- Racing silks of Evie Stockwell
- Sire: War Front
- Grandsire: Danzig
- Dam: Liscanna
- Damsire: Sadler's Wells
- Sex: Mare
- Foaled: 3 March 2014
- Country: United States
- Colour: Bay
- Breeder: Evie Stockwell
- Owner: Evie Stockwell
- Trainer: Aidan O'Brien
- Record: 7: 3-0-0
- Earnings: £161,867

Major wins
- Albany Stakes (2016) Cheveley Park Stakes (2016)

Awards
- Top-rated European-trained two-year-old filly (2016)

= Brave Anna =

American-bred Thoroughbred racehorse

Brave Anna (foaled 3 March 2014) is an American-bred, Irish-trained Thoroughbred racehorse. As a two-year-old in 2016 she was rated the joint-best filly of her generation trained in Europe, inferior only to the American filly Lady Aurelia. After running moderately on her racecourse debut she won a maiden race before taking the Albany Stakes at Royal Ascot. She was unplaced in her next two races before ending her season with a win in the Cheveley Park Stakes.

==Background==
Brave Anna is a bay mare with a white blaze bred in Kentucky by her owner Evelyn "Evie" Stockwell. Stockwell was the mother of John Magnier, the owner of the Coolmore Stud organisation. The filly was sent into training with Aidan O'Brien at Ballydoyle.

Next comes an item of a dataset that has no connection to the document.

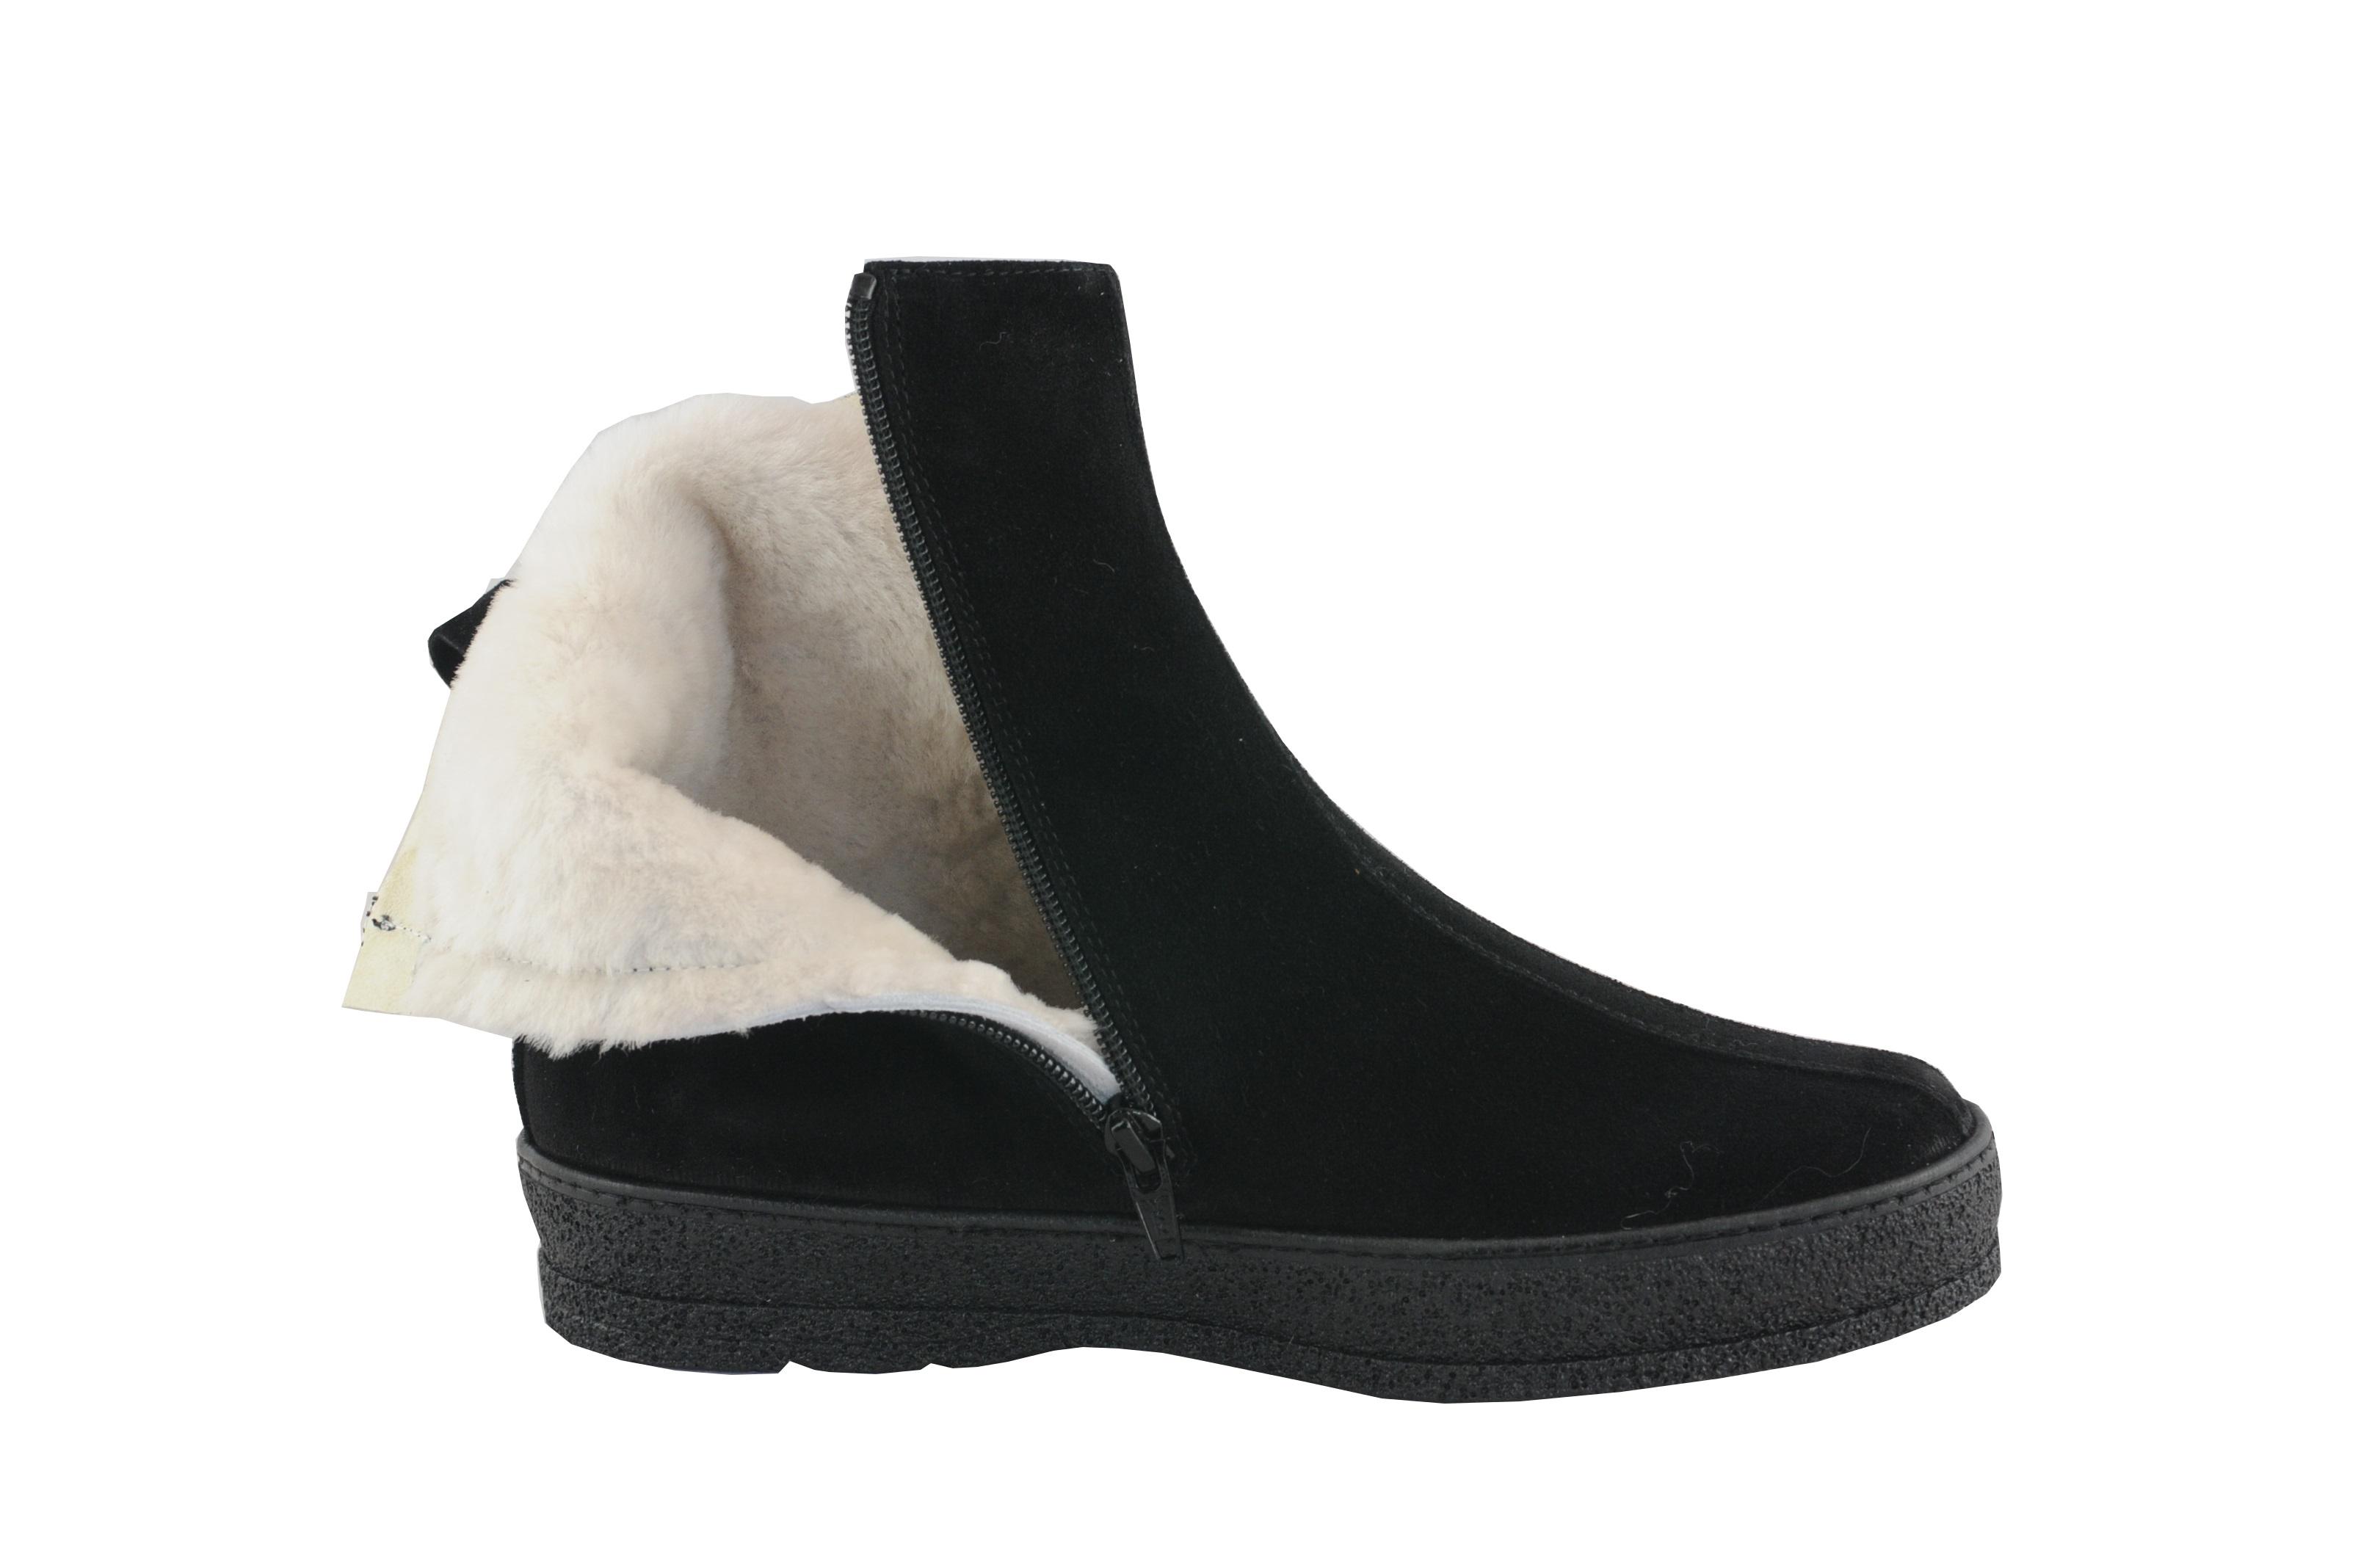 Schwarz Sarnac Stiefel Ii Damen Schuh Ober Ammann 29EIDH
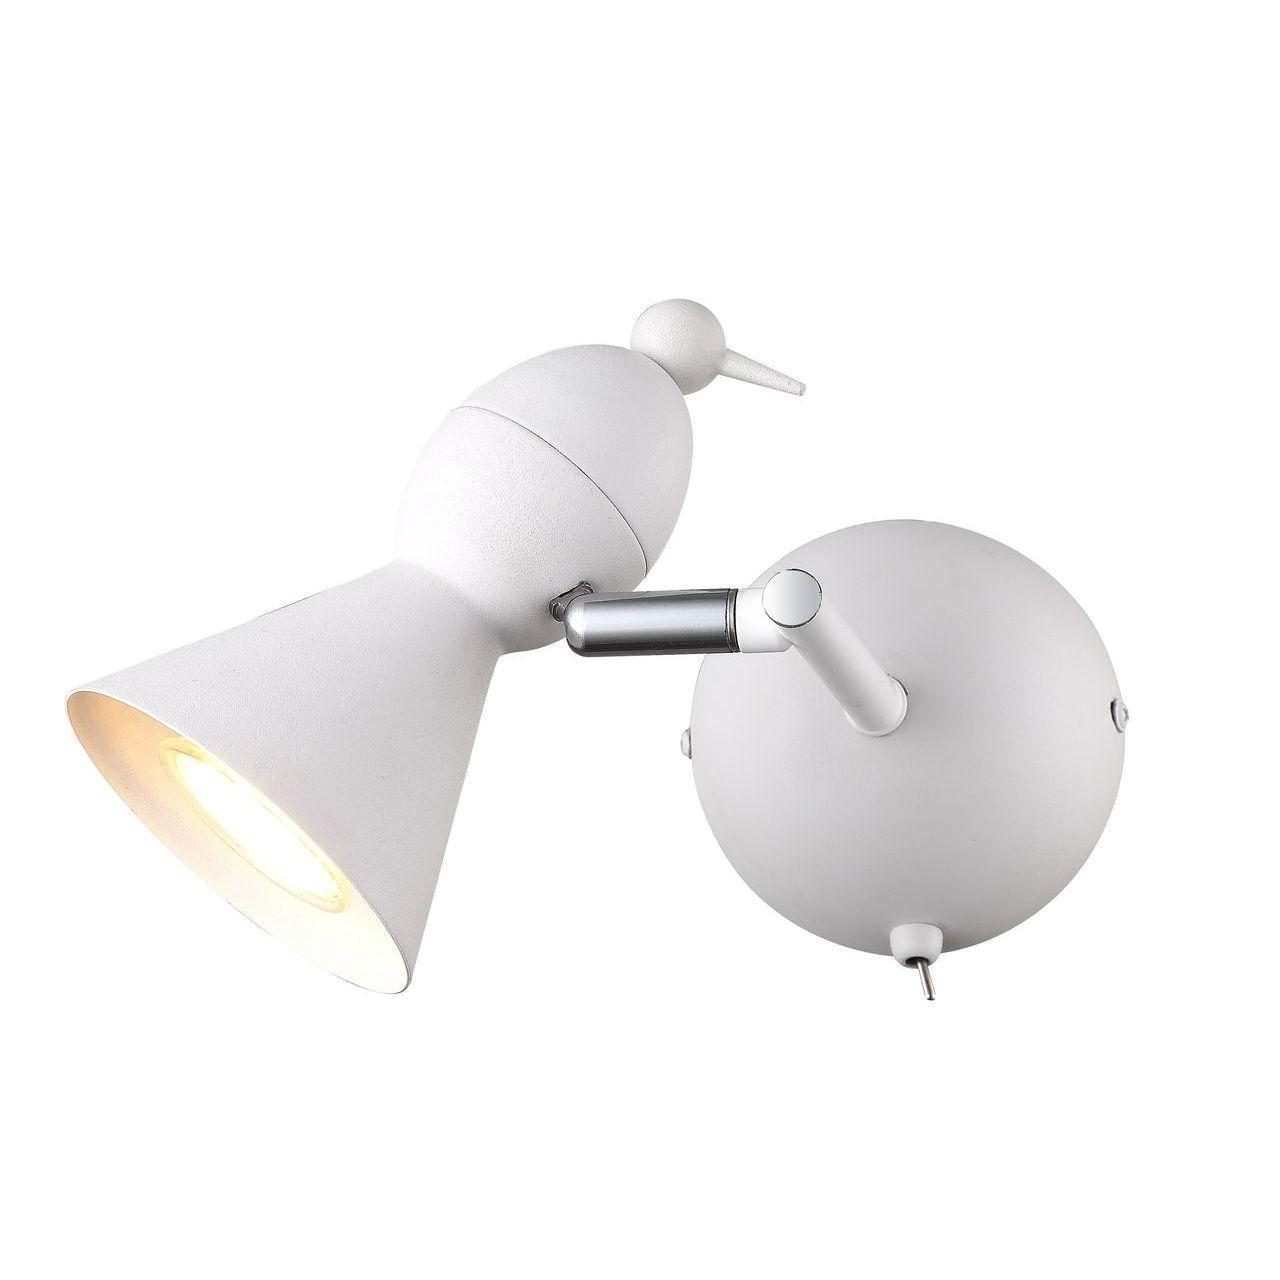 Фото - Спот Arte Lamp Picchio A9229AP-1WH спот arte lamp picchio a9229ap 1cc

She was sired by War Front who won the Alfred G. Vanderbilt Handicap in 2006. Since retiring War Front has also sired Declaration of War, War Command, Air Force Blue, Summer Soiree (Del Mar Oaks), Sweet Orange (Hong Kong Classic Mile), Data Link (Maker's Mark Mile Stakes) and The Factor (Malibu Stakes).

Brave Anna's dam Liscanna was a good sprinter who won the Ballyogan Stakes for Evie Stockwell as a three-year-old in 2007. In addition to Brave Anna, she has also produced Hit It A Bomb (also sired by War Front) who won the Breeders' Cup Juvenile Turf in 2015. Liscanna's dam Lahinch won the Leopardstown 1,000 Guineas Trial and was a descendant of the American broodmare Evening Belle (foaled 1945) who was also the female-line ancestor of Overskate.

==Racing career==
===2016: two-year-old season===
Brave Anna made her racecourse debut in a maiden race over five furlongs at Naas Racecourse on 25 April in which she made little impression and finished eighth behind her stablemate Roly Poly. On 21 May at the Curragh the filly started at odds of 9/2 for a maiden over six furlongs and recorded her first success, taking the lead inside the final furlong and winning by a length from Lady Beware. On 17 June Brave Anna was sent to England and stepped up in class for the Group Three Albany Stakes at Royal Ascot. Ridden as on her previous start by Seamie Heffernan she started a 16/1 outsider in a sixteen-runner field headed by her stablemate Cuff, the 2/1 favourite. She started slowly and raced towards the rear of the field in the early stages before beginning to make progress in the last quarter mile. She took the lead a furlong out and held on to win by a short head from Bletchley, with Queen Kindly half a length away in third place. Heffernan commented "She's a lovely filly and came here on the back of a good win at the Curragh. It's nice we can pitch up here on the big day and win again. Aidan told me to give her a chance and hopefully she'd finish out well and that's what she's done." whilst Aidan OBrien said that the filly would improve over longer distances and was a potential 1,000 Guineas contender.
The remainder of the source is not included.